Current methods for assessing genetic relationships between traits are flawed
#Current #methods #assessing #genetic #relationships #traits #flawed Welcome to Alaska Green Light Blog, here is the new story we have for you today:
According to researchers, mating patterns can explain many of the relationships between traits previously thought to be biological.
A new study led by the University of California, Los Angeles suggests that current methods of assessing the genetic links between traits often overlook the influence of mating patterns, leading to overestimates of the strength of the genetic link between traits and diseases.
Scientists have used powerful genome sequencing technology in recent years to try to uncover the genetic links between traits and disease risk in the hope that this knowledge could lead to new treatments for diseases. However, a study conducted by UCLA and published in the journal Science warns against over-reliance on genetic correlation estimates, as these estimates can be skewed by non-biological factors that have not been fully accounted for.
Genetic correlation estimates typically assume that mating is random. But in the real world, mates tend to mate because of many common interests and social structures. As a result, some genetic correlations in previous work attributed to shared biology might instead represent incorrect statistical assumptions. For example, previous estimates of the genetic overlap between body mass index (BMI) and educational attainment likely reflect this type of population structure induced by “cross-trait assortative mating,” or how individuals with a trait tend to associate with individuals of a other property.
The study’s authors said genetic correlation estimates deserve closer scrutiny because these estimates have been used to predict disease risk, look for clues to potential therapies, inform diagnostic practices, and frame arguments about human behavior and societal issues.

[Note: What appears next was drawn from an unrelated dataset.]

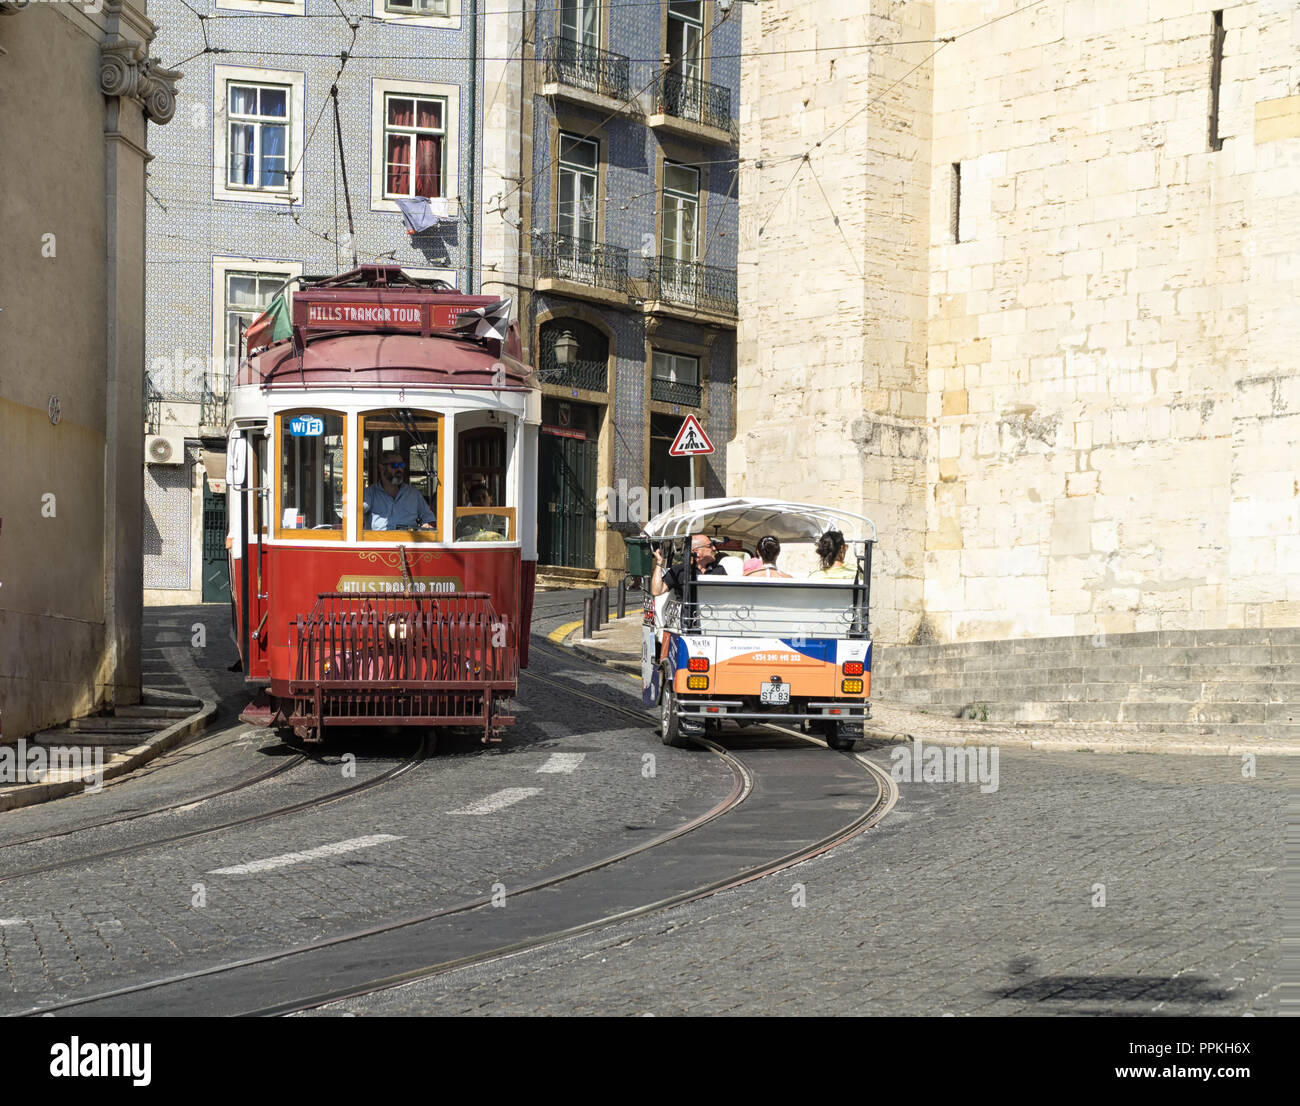 LISBON, PORTUGAL - August 31, 2018: Tourists visit  the Lisbon with the red tram and tuk-tuk. Alfama next to the Se Cathedral Stock Photo

The authors said some in the scientific community have placed too much emphasis on genetic correlation estimates based on the idea that because genes are immutable, studying genes can overcome confounding factors.
“If you just look at two traits that are elevated in a group of people, you cannot conclude that they are there for the same reason,” said lead author Richard Border, a postdoctoral researcher in statistical genetics at UCLA. “But there was a kind of assumption that if you could trace that back to the genes, you would have the causal story.”
Based on their analysis of two large databases of spousal traits, the researchers found that cross-trait assortative mating is strongly associated with genetic correlation estimates and plausibly accounts for a “substantial” portion of genetic correlation estimates.
“Cross-trait assortative mating has affected all of our genomes, causing interesting correlations across the genome between the DNA you inherited from your mother and the DNA you inherited from your father,” the co-author said of the study, Noah Zaitlen, professor of computational medicine and neurology at UCLA Health.
Researchers also examined genetic correlation estimates of psychiatric disorders, which have sparked debate in the psychiatric community because they appear to reveal genetic relationships between disorders that appear to share few similarities, such as attention-deficit hyperactivity disorder and schizophrenia. Researchers found that genetic correlations for a number of unrelated traits plausibly result from cross-trait assortative mating and imperfect diagnostic practices. On the other hand, their analysis found stronger associations for some pairs of traits, such as anxiety disorders and major depression, suggesting that there really is at least some shared biology.
“But even if there is a real signal there, we still suggest that we overestimate the magnitude of this transmission,” Border said.
Reference: “Cross-trait assortative mating is widespread and inflates genetic correlation estimates” by Richard Border, Georgios Athanasiadis, Alfonso Buil, Andrew J. Schork, Na Cai, Alexander I. Young, Thomas Werge, Jonathan Flint, Kenneth S. Kendler, Sriram Sankararaman, Andy W. Dahl and Noah A. Zaitlen, November 17, 2022, Science.
The study was funded by the National Institutes of Health, the Chan Zuckerberg Initiative, the National Science Foundation, Open Philanthropy, and the Wellcome Trust.